> WHAT IS BEING ASKED
No pictures go into the copy. Write out exactly the lines below from the one containing "USB 3.0 19/20" through the one containing "Sale Autumn Backgrounds".

> GIVEN INFORMATION
╭──
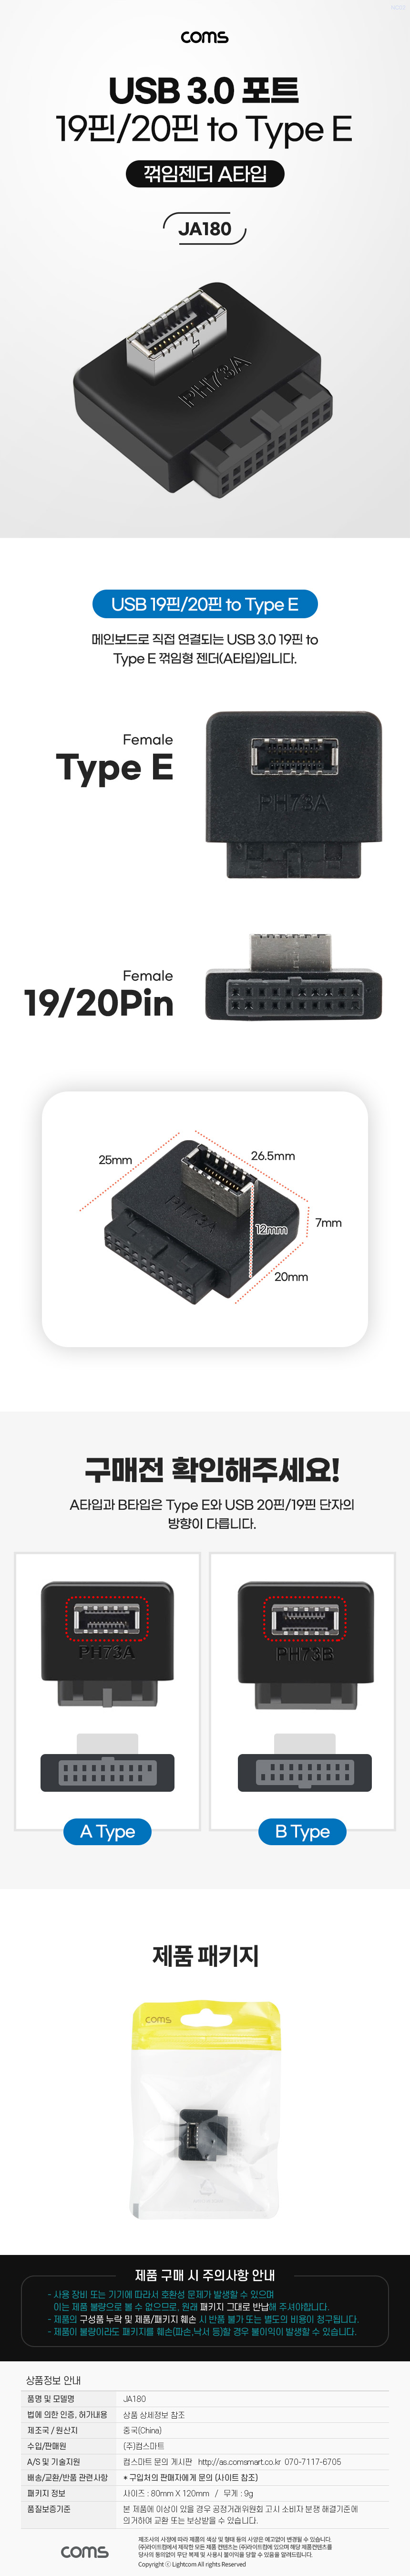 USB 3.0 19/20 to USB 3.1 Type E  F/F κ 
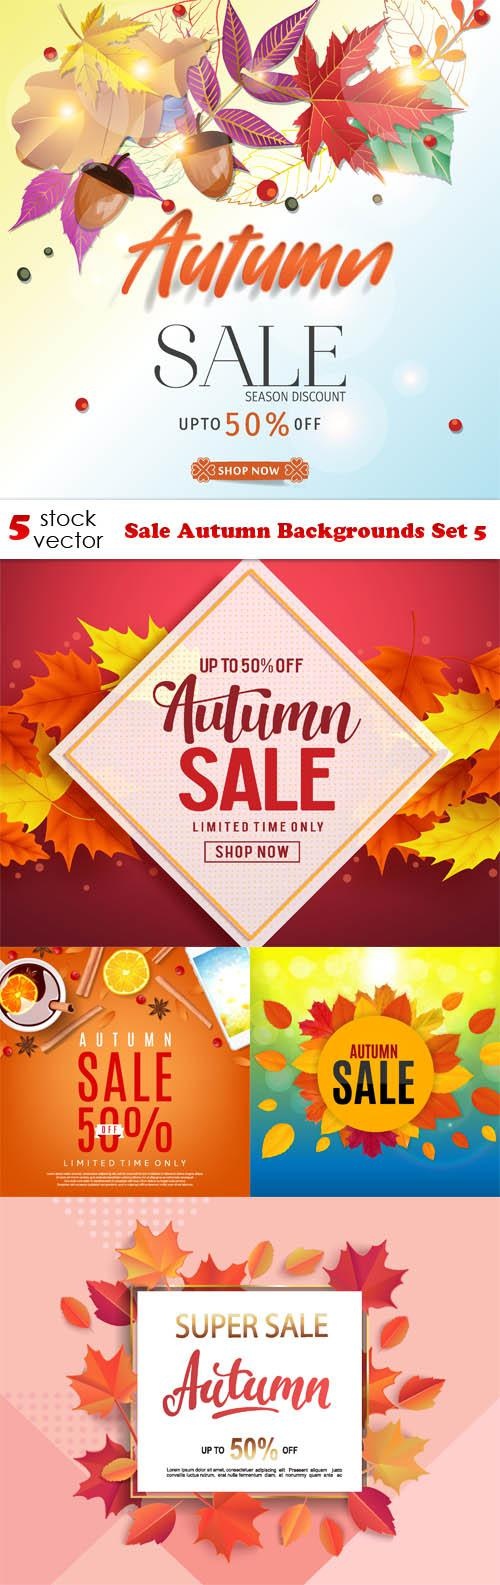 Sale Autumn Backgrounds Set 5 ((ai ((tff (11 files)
╰──
╭──
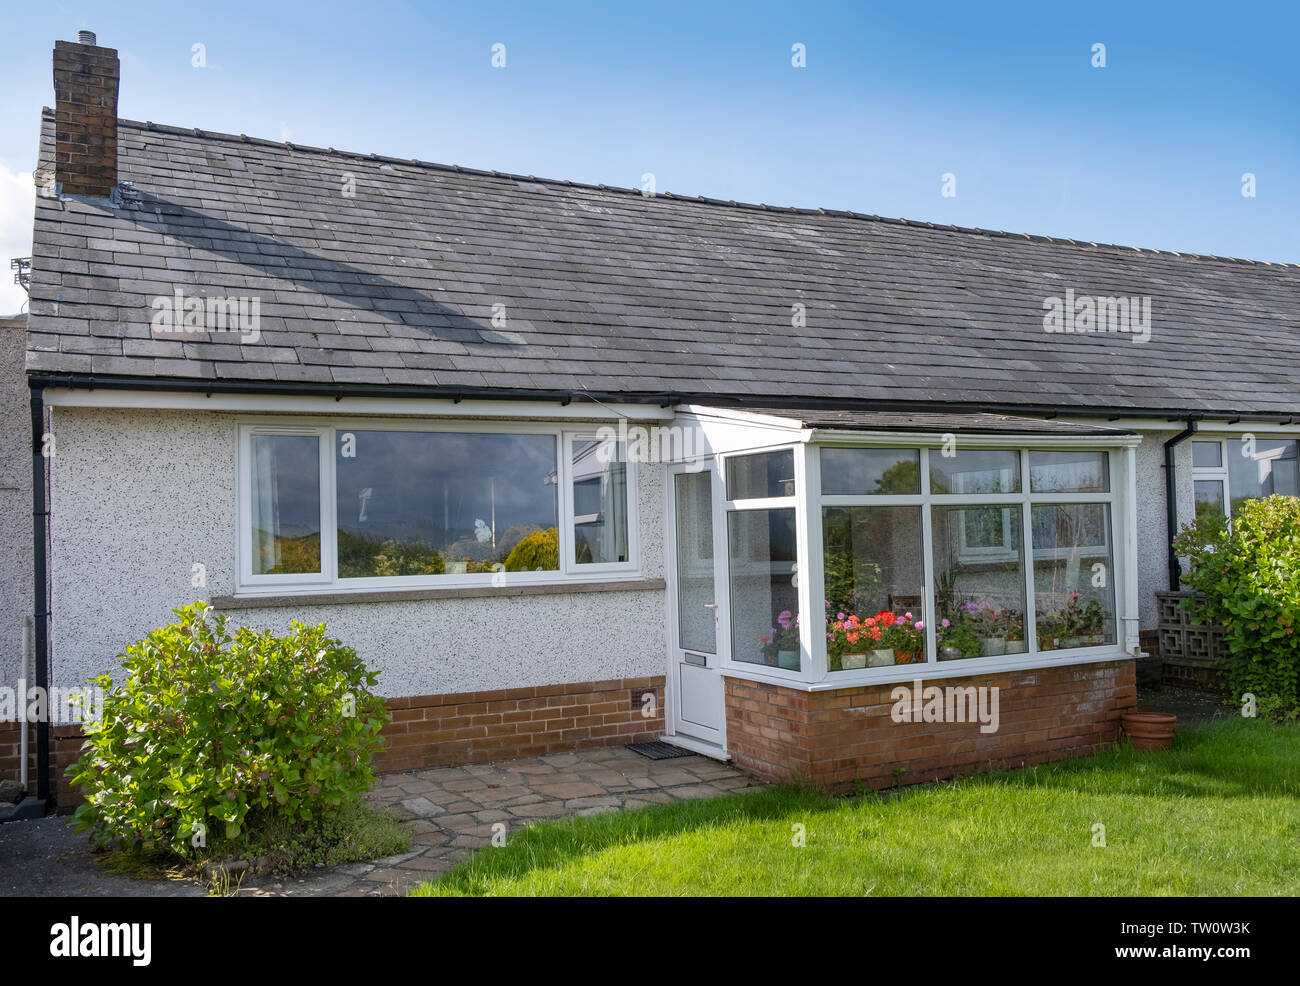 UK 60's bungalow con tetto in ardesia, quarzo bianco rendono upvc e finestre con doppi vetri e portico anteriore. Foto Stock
╰──
> SOLUTION FOR THIS TASK
 USB 3.0 19/20 to USB 3.1 Type E  F/F κ 
 Sale Autumn Backgrounds Set 5 ((ai ((tff (11 files)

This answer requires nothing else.